The criticism of Rommel is outstandingly incorrect. Another critic says he was at Sedan crossing the Meuse in 1940 when he was at Dinant, quite some distance away, and just incidentally, in another country, too. This seems typical of his many detractors – Always wrong; it’s just a question of how wrong.
You’d think a “publicity seeker” would have put in a lot more work than he did on that side of things. Most footage is at the front or in areas under his command, rarely elsewhere. There’s an interview of Rommel in front of a camera in1942-3. He looks extremely uncomfortable, a bit fidgety, and very conscious of the fact he should be with his command, not keeping a camera company. If anyone bothers to track his movements, (see The Rommel Papers) he didn’t have a lot of time for seeking publicity, either.
The Russian campaign: Everyon’es an expert on the Russian campaign, which just happens to be where most of the debunking of people happens, too. I’m not going to write a book on this:
- Severe casualties were becoming apparent from mid -August 1941, according to Guderian in Panzer Leader. This is after about 6 weeks of the actual campaign.
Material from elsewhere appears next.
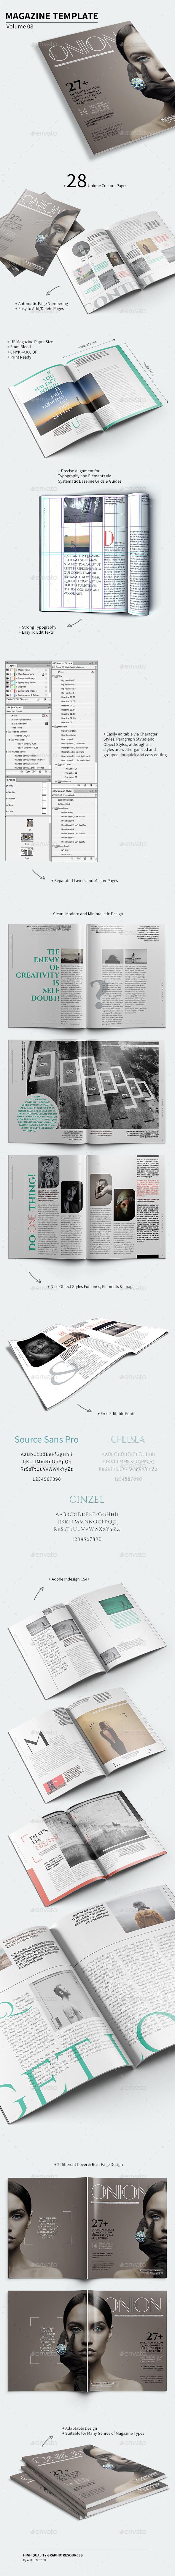 Magazine Template - Volume 08 - Magazines Print Templates

- The OKW couldn’t pretend not to know about the casualties and rapidly escalating equipment shortages, because they had constant reports. The generals were fighting a massive, if clumsy, enemy in battles with steadily fewer forces, tanks wearing out, etc. This makes them bad or at least naughty generals, according to some cretins somewhere. The rule of thumb here is that after June 22 1941 the Germans are losing people at an incredible rate. The German military archives are open. Modern historians also have access to that information. Why isn’t it being checked? Oh, and by the way – Who was responsible for managing unit strengths, replacements, and equipment? The front or the rear? Why is this not mentioned? Do you even know whom you’re debunking?
- The supply situation was impossible at best, worse than impossible at worst. It was an absurdity. During the Stalingrad relief operation, there was a rickety rail line connecting Army Group South to Germany. The best information the Stalingrad relief force had was that the rail line might not be occupied by the Russians. It was. That’s how efficient the support for an entire Army Group, Manstein’s, actually was. (See Rauss, Panzers on the Eastern Front) Later during the war, bizarre stats like a single artillery piece to cover a 40km front appear regularly. Ammunition levels, non-existent is yet another popular refrain. Yet the fault is always with the debunking targets, not the Nazis?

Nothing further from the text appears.